Inference Content Filtering

Use the DeconstructedInferenceFilter to filter based on inference contents, specifically confidence scores and labels.

By Labels and Confidence Scores

Filter inferences by their detection results:

from chariot.inference_store import models, inference

# Filter for inferences containing specific labels with minimum confidence
deconstructed_filter = models.DeconstructedInferenceFilter(
labels=["car", "truck", "bus"],
minimum_score=0.8,
maximum_score=1.0
)

base_filter = models.BaseInferenceFilter(deconstructed_inference_filter=deconstructed_filter)
inference_filter = models.NewGetInferencesRequest(filters=base_filter)
inferences = inference.filter_inferences(model_id=model_id, request_body=inference_filter)

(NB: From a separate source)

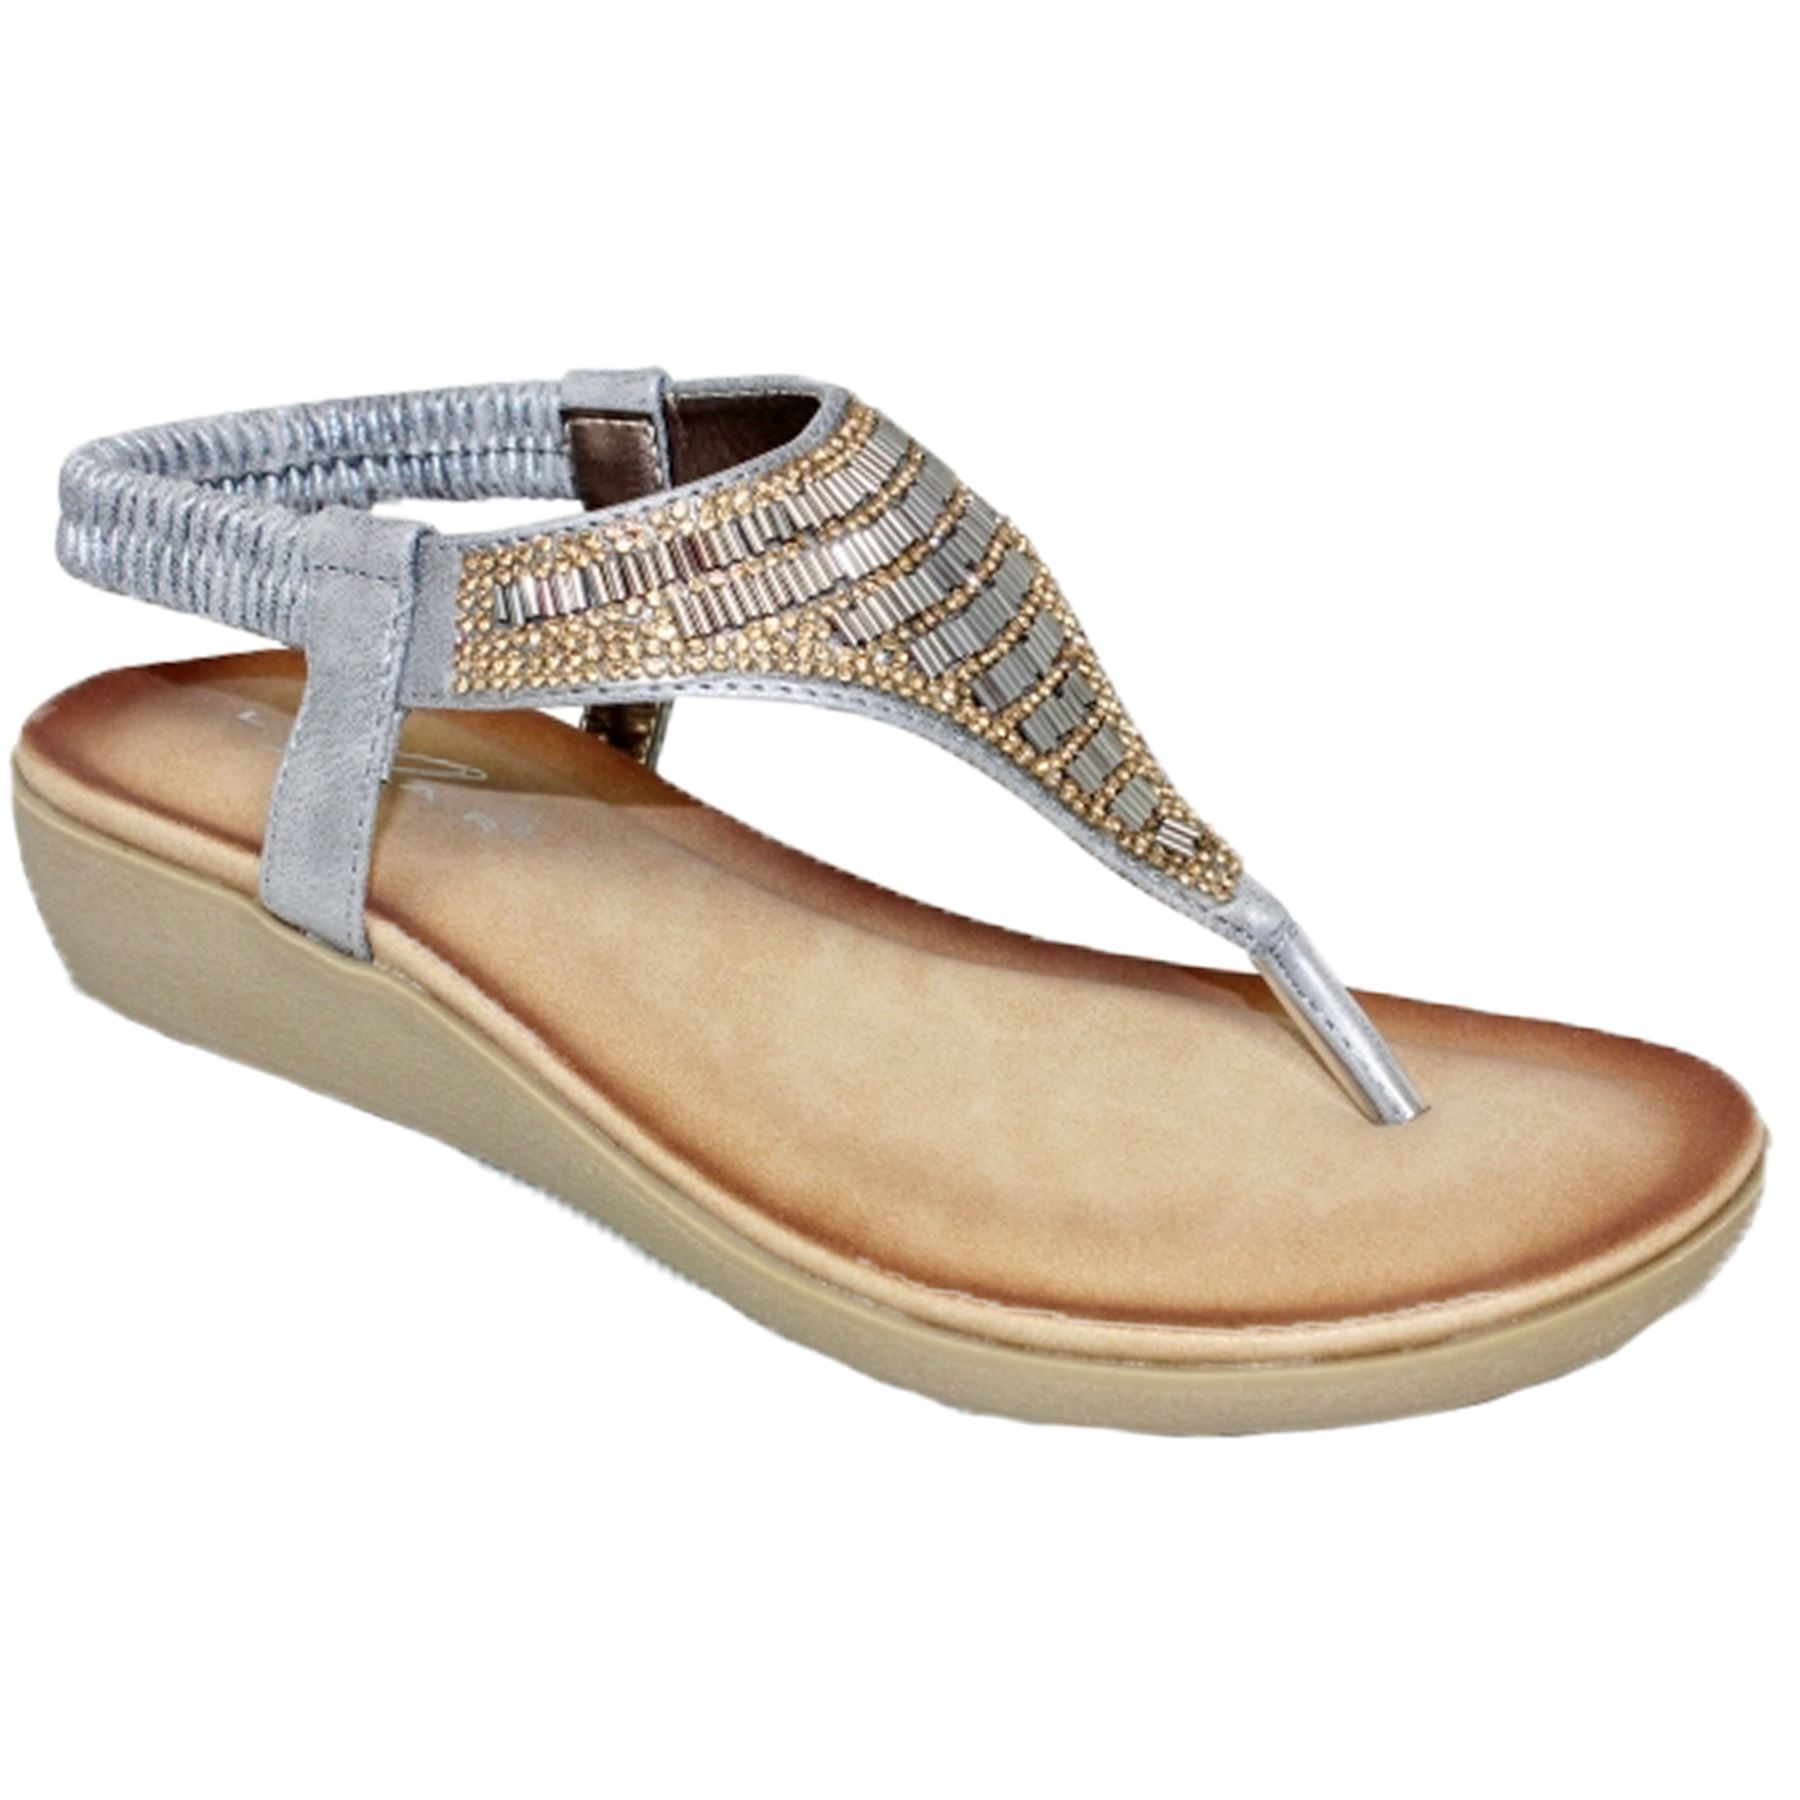 Jlh908 Adeline Gemstone Elasticated Ankle Strap Padded Insole Tendencies Sandals Footbed 2 Brown 42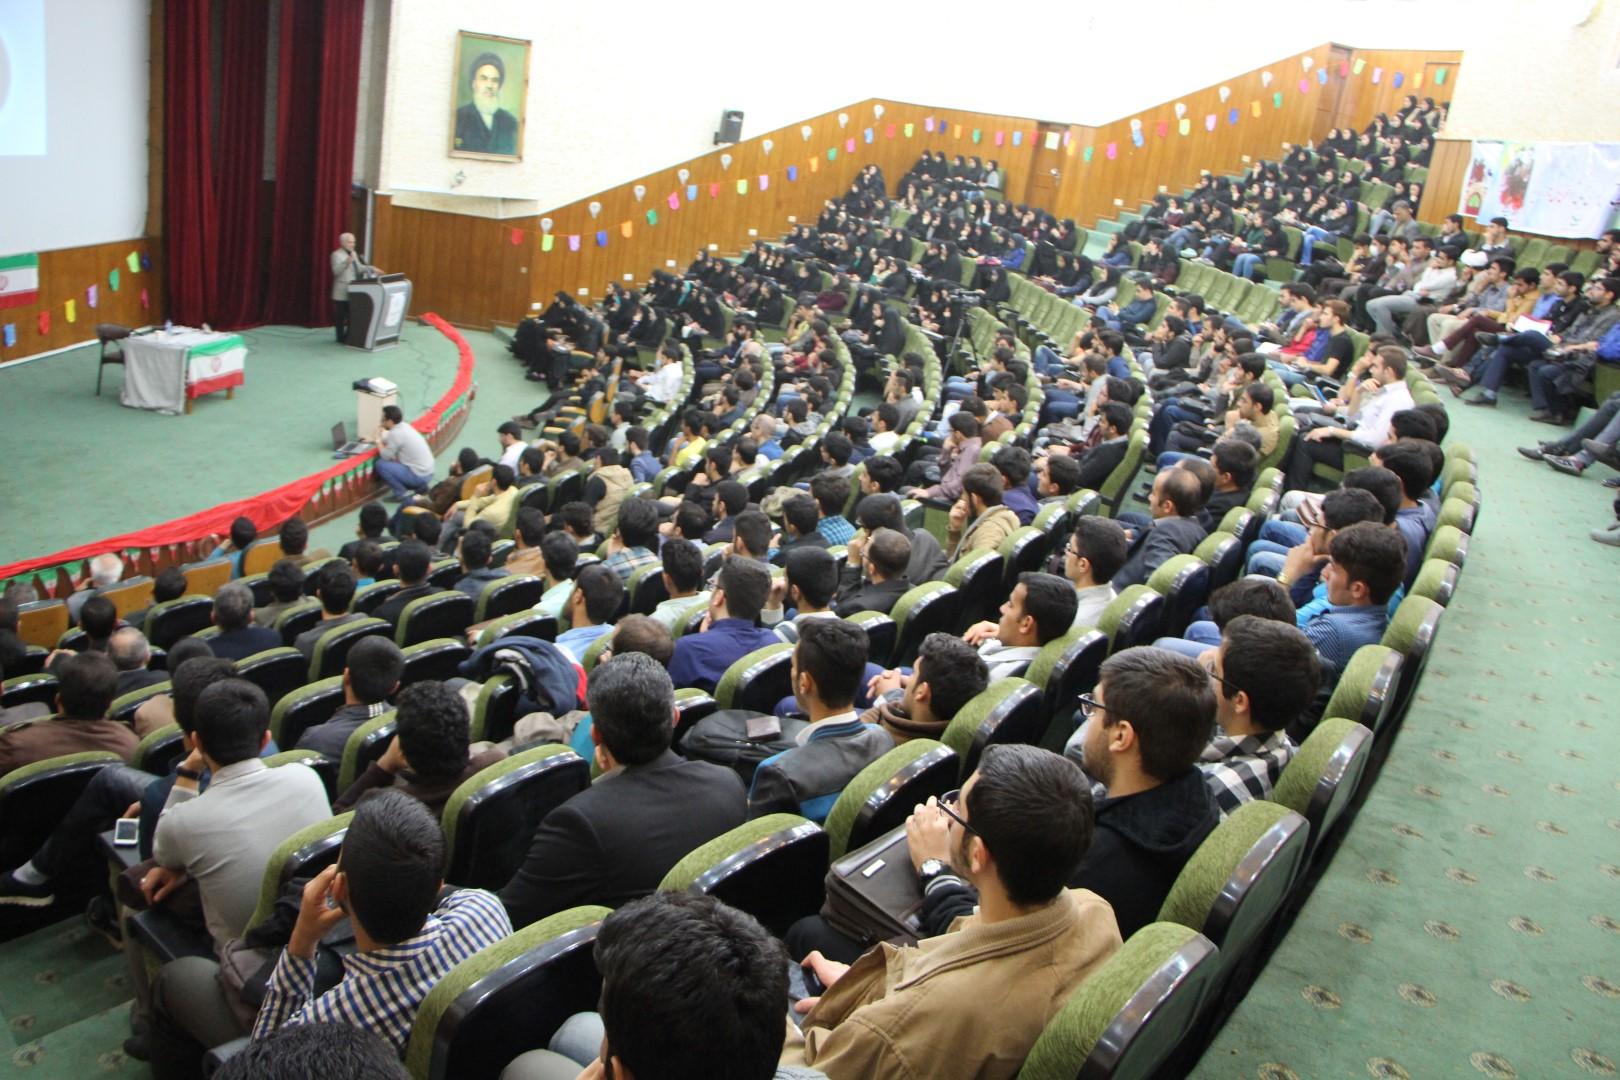 IMG 5195 گزارش تصویری؛ سخنرانی استاد حسن عباسی با موضوع از چوئن لای تا سیاست درهای باز

Advanced Result Filtering Options

The DeconstructedInferenceFilter supports additional options to control how results are returned:

  • return_top_n (bool): Return only the top N elements within an inference with the highest confidence scores
  • top_n (int): Defines N when return_top_n is requested. Defaults to 1
  • return_only_matches (bool): Return only the inference elements that match the label and score filters, rather than all elements from matching inferences
  • return_only_null (bool): Return only inferences with no detections. Cannot be combined with other label or score filters
  • return_any_matches (bool): Return only inferences with detections. Cannot be combined with other label or score filters

Filtering by Data Properties

Data Source and Data Hash are two first-class fields that provide additional information about the data used in inference requests. Both fields can be used for filtering.

By Data Source

Get inferences with a particular data source:

from chariot.inference_store import models, inference


base_filter = models.BaseInferenceFilter(data_source_filter="camera-1")
inference_filter = models.NewGetInferencesRequest(filters=base_filter)
inferences = inference.filter_inferences(model_id=model_id, request_body=inference_filter)

By Data Hash

Each inference stored gets a hash computed from the input data. This is useful for finding duplicates or doing reverse lookups:

from chariot.inference_store import models, inference, metadata

# Get data hash from binary data
with open("image.jpg", "rb") as f:
data = f.read()
data_hash = metadata.get_data_hash(data)

base_filter = models.BaseInferenceFilter(data_hash_filter=data_hash)
inference_filter = models.NewGetInferencesRequest(filters=base_filter)
inferences = inference.filter_inferences(model_id=model_id, request_body=inference_filter)

Performance Tips

  • Use pagination for large result sets: Implement pagination to prevent memory exhaustion and improve response times. Loading thousands of inferences at once can cause memory issues and slow network transfers. Pagination keeps memory usage relatively constant and allows for progressive data processing by processing results in manageable batches.
  • Filters before retrieving data: Apply filtering within the query request rather than filtering results after retrieval. Database-level filtering is significantly faster than downloading all data and filtering in application code. It reduces network traffic and leverages database indexing for optimal performance.
  • Use presigned URLs sparingly: Only set presign=True when you actually need to download the inference input data. Generating presigned URLs adds computational overhead on the server and increases response payload size. Reserve this option for when you plan to download the actual data files.
  • Use time windows to limit scope: Include time boundaries in your queries to reduce the search space, especially for models with a large number of inferences.
  • Count before fetching large results: Use count_inferences() to understand result size before fetching data, especially for exploratory queries. Knowing result size helps you choose appropriate pagination settings and avoid accidentally triggering very large downloads that could impact performance or exceed memory limits.